Бесспорно, что я не люблю евреев. Больше того — не выношу. И у меня есть на то основания. Они причинили мне много зла. Но ясно, что в моем положении я бы не мог себе разрешить шагов, исходящих из личных пристрастий. Тем более, от многих евреев зависела обороноспособность. Нет, дело не в моей антипатии.
Я думал о единстве страны, необходимом для новых свершений, для нашей новой встречи с историей. Когда национальная ненависть становится национальной идеей, она цементирует народ.
Россия не приняла еврейства не потому, что ее пронзила легенда о распятии Бога. Что было две тысячи лет назад неразличимо, и в наше время навряд ли так уж ее волнует. Евреи были ей чужеродны, ибо ничего в ней не поняли. У них была лишь одна забота — чтоб их наконец признали своими. Некоторые даже спивались в поисках такого родства. Но это не смогло им помочь. Ибо они во всех обстоятельствах всегда оставались упрямыми выскочками, требовали к себе внимания и продирались на авансцену. Меж тем, Россия не любит выскочек. Мой собственный стиль, лишенный броскости, и мой язык, в котором непросто услышать поэта с немалым даром, учитывают ее неприятие претензии, чрезмерных амбиций и демонстрации превосходства.

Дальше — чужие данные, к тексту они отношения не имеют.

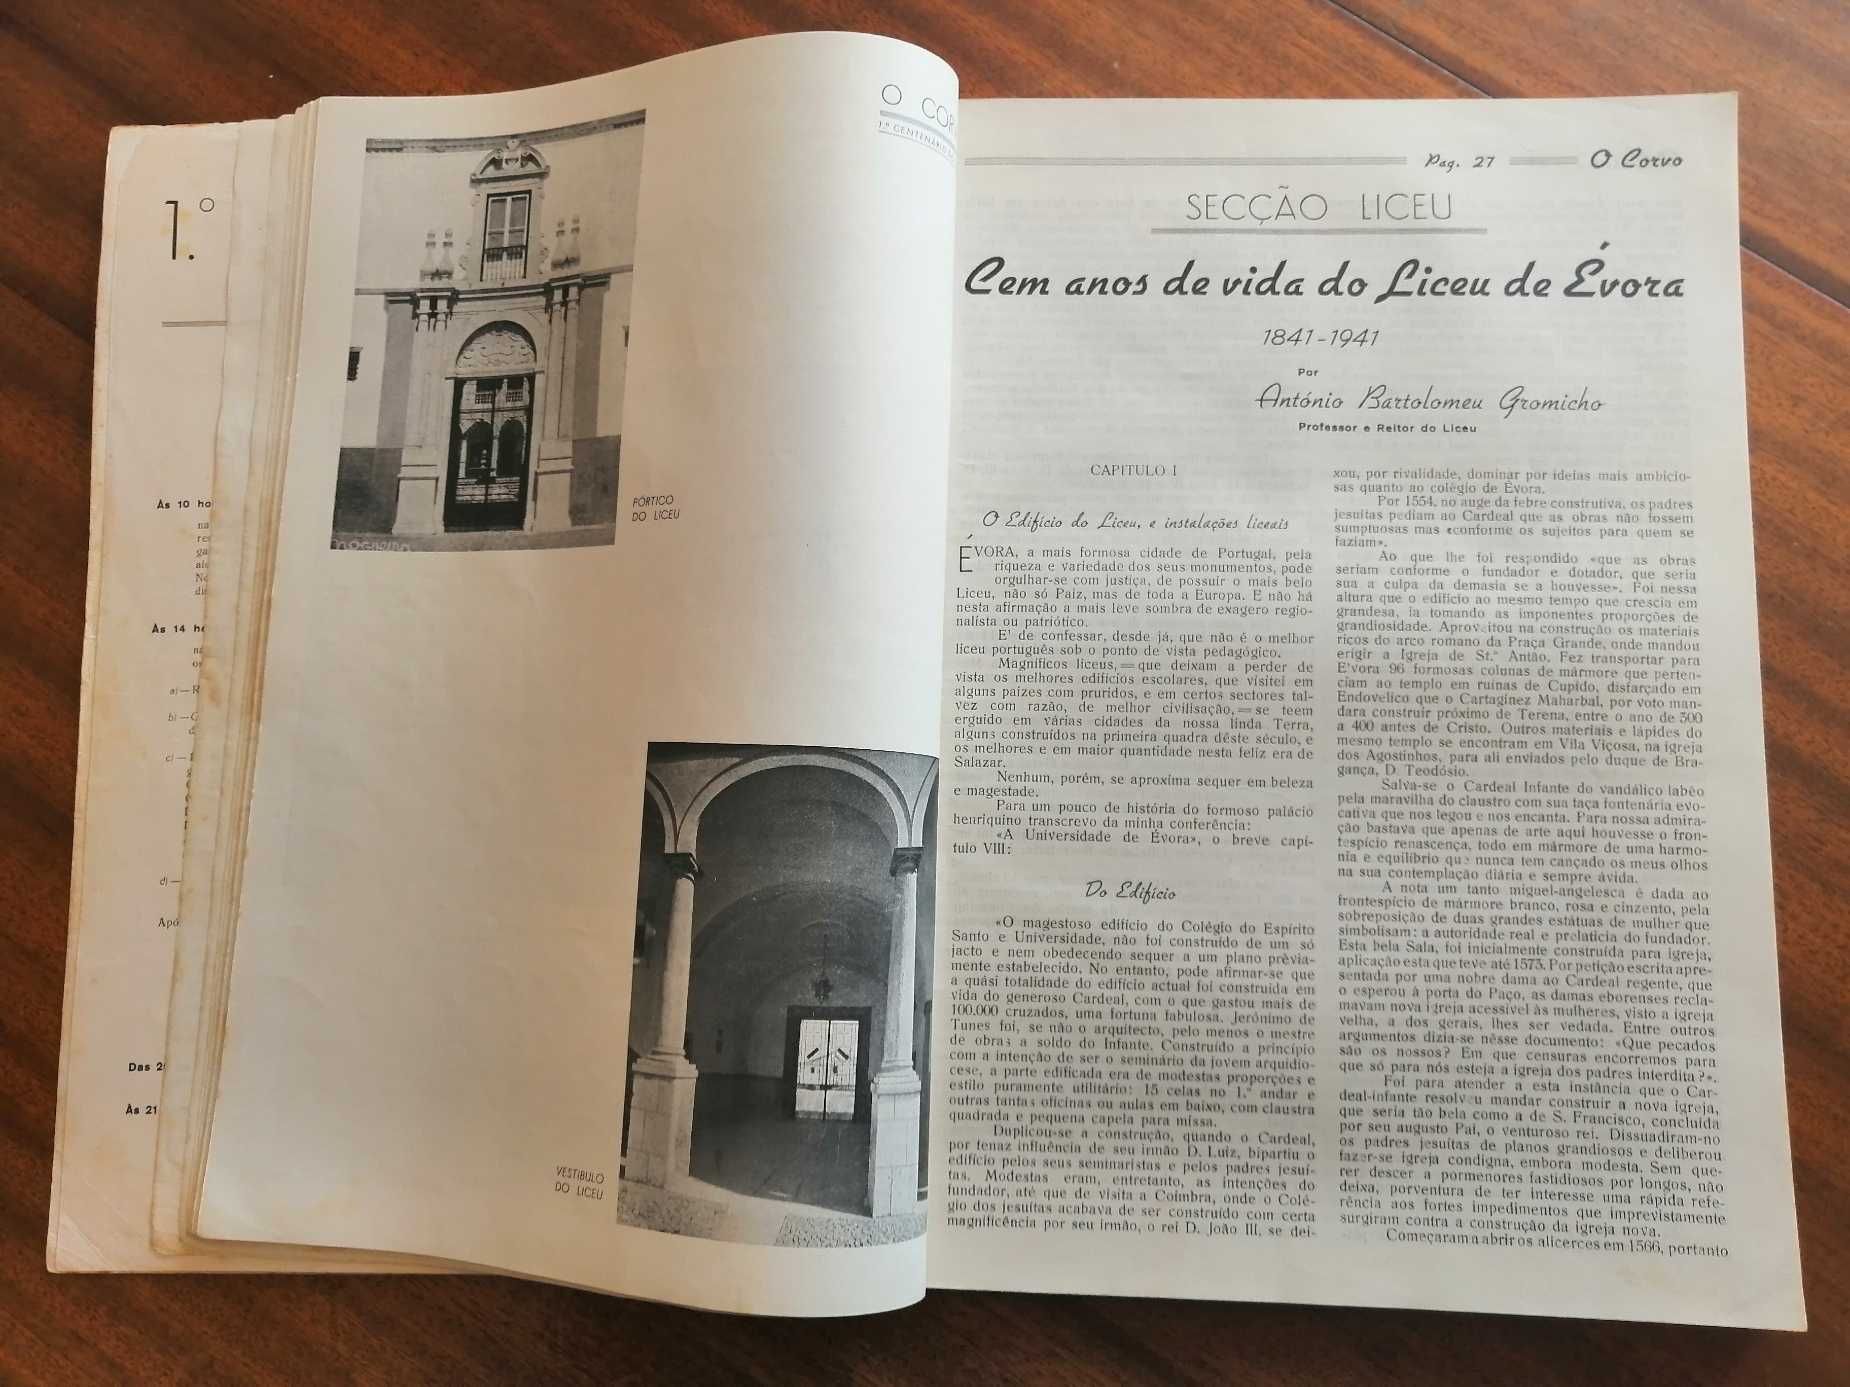 Centenário Liceu Évora 1941 O Corvo c/ Livros séc. XVI impressos Évora

Недаром Старик с особым старанием скрывал свои семитские корни. Он сильно переживал, что картавит. Я не подчеркивал, но не стеснялся грузинского происхождения. Меня мой акцент ничуть не расстраивал, возможно, в нем есть и своя изюминка. Вообще же, свои слабые стороны умнее не смазывать, а выделять, тогда они становятся сильными.
Я знал, что народ меня поддержит, и я раскрыл во всей полноте эту еврейскую чужеродность, ее космополитический дух. После чего я начал действовать. Я дал добро на ликвидацию еврейских писателей и артистов, дал ход письму Тимашук о врачах. Я знал, что придется пойти до конца, депортировать евреев на север, где будущее их было понятно, но я никогда не уклонялся от принятых на себя обязательств. Международная изоляция, которая была неминуема, меня не пугала, она входила в концепцию осажденного города, которому вскорости предстоит выйти за крепостные стены, вступить в свою последнюю битву и либо победить, либо пасть. Но я не сомневался в победе.
27
24 февраля Сон этот был настолько отчетлив, настолько реален в каждой подробности, что он едва меня не убил.

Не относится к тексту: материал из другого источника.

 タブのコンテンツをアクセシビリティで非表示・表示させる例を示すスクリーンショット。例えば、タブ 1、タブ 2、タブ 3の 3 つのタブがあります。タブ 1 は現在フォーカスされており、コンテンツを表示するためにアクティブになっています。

Сижу перед ванной на табурете, а в ней человек, бесконечно знакомый, но кто он, я не могу понять. Кончает жизнь самоубийством, вскрыв вены, кровь его розовой струйкой неторопливо вытекает из бледнеющей с каждым мигом руки. Я смотрю на него во все глаза и спрашиваю: «Умирать очень страшно?». Он кивает: «Невыразимо страшно». Комарики. И поплакаться некому.
С тоскою в душе встречаю утро, с усилием перебираюсь в день. Погода темна и непонятна не то как история мидян, не то как сегодняшняя жизнь — та же расплывчатая невнятность.
Стараюсь избавиться от наваждения. Скорей позабыть эту чертову ночь, заставившую меня следить в собственной ванной за смертью Сенеки. Как тронувшийся умом живописец, бессмысленно смешивающий краски, так и она меня угостила каким-то древнеримским кошмаром, перемещенным в мою квартиру. Если б я только сумел понять, чьим было лицо самоубийцы и почему оно так знакомо?! Впрочем, я совсем не уверен, что, кабы понял, мне стало легче.